Most of the useful data in the world, from economic data to news content to geographic information, lives somewhere on the internet - and this course will teach you how to access it. You'll explore how to work with APIs (computer-readable interfaces to websites), access data from Wikipedia and other sources, and build your own simple API client. For those occasions where APIs are not available, you'll find out how to use R to scrape information out of web pages. In the process you'll learn how to get data out of even the most stubborn website, and how to turn it into a format ready for further analysis. The packages you'll use and learn your way around are rvest, httr, xml2 and jsonlite, along with particular API client packages like WikipediR and pageviews.

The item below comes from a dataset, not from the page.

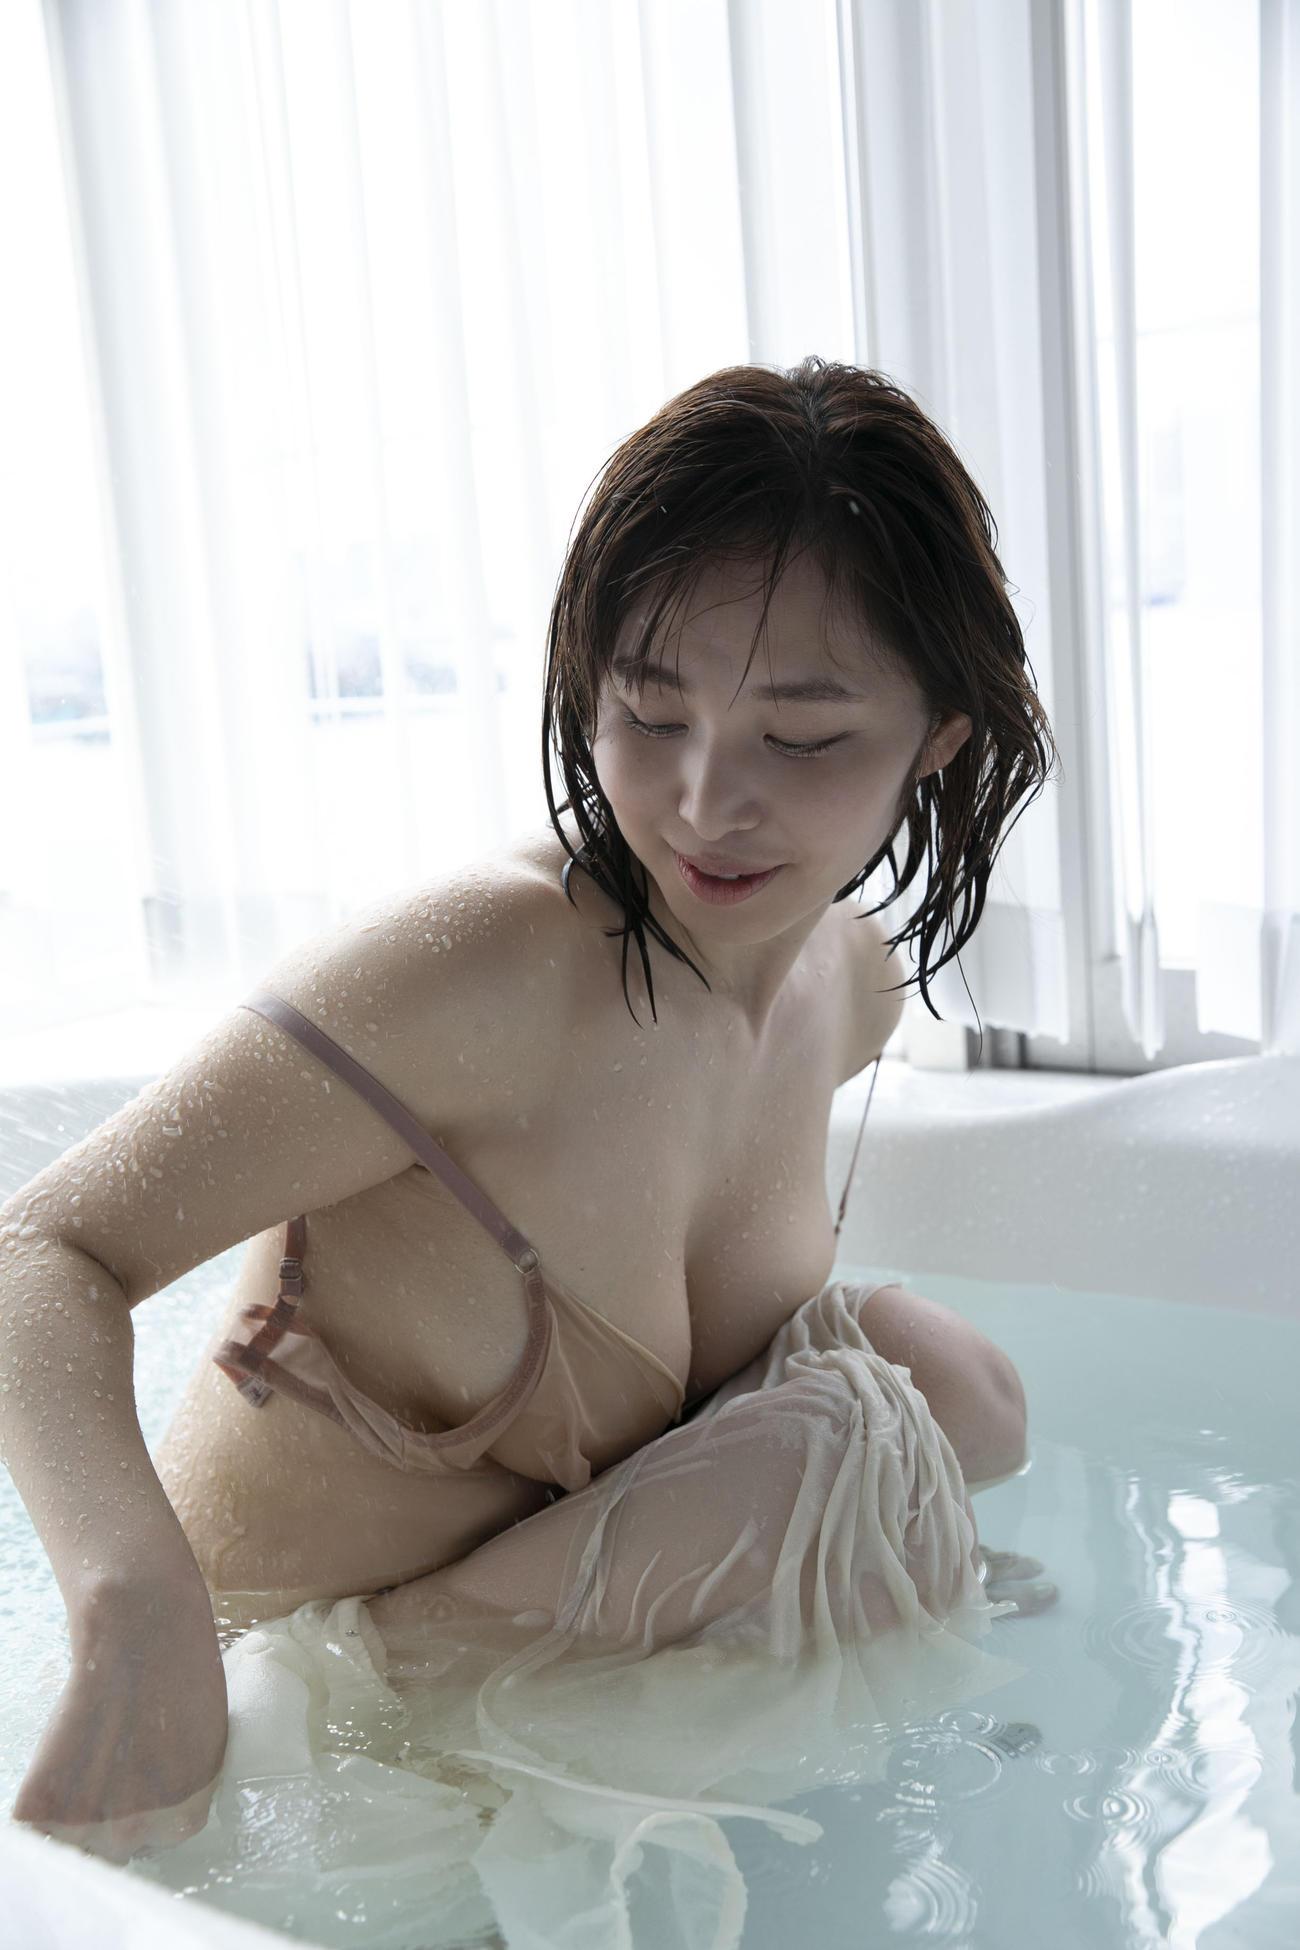 塩地美澄part21 ->画像>241枚

Sometimes getting data off the internet is very, very simple - it's stored in a format that R can handle and just lives on a server somewhere, or it's in a more complex format and perhaps part of an API but there's an R package designed to make using it a piece of cake. This chapter will explore how to download and read in static files, and how to use APIs when pre-existing clients are available.
If an API client doesn't exist, it's up to you to communicate directly with the API. But don't worry, the package `httr` makes this really straightforward. In this chapter you'll learn how to make web requests from R, how to examine the responses you get back and some best practices for doing this in a responsible way.
Sometimes data is a TSV or nice plaintext output. Sometimes it's XML and/or JSON. This chapter walks you through what JSON and XML are, how to convert them into R-like objects, and how to extract data from them. You'll practice by examining the revision history for a Wikipedia article retrieved from the Wikipedia API using httr, xml2 and jsonlite.
Now that we've covered the low-hanging fruit ("it has an API, and a client", "it has an API") it's time to talk about what to do when a website doesn't have any access mechanisms at all - when you have to rely on web scraping. This chapter will introduce you to the rvest web-scraping package, and build on your previous knowledge of XML manipulation and XPATHs.
CSS path-based web scraping is a far-more-pleasant alternative to using XPATHs. You'll start this chapter by learning about CSS, and how to leverage it for web scraping. Then, you'll work through a final case study that combines everything you've learnt so far to write a function that queries an API, parses the response and returns data in a nice form.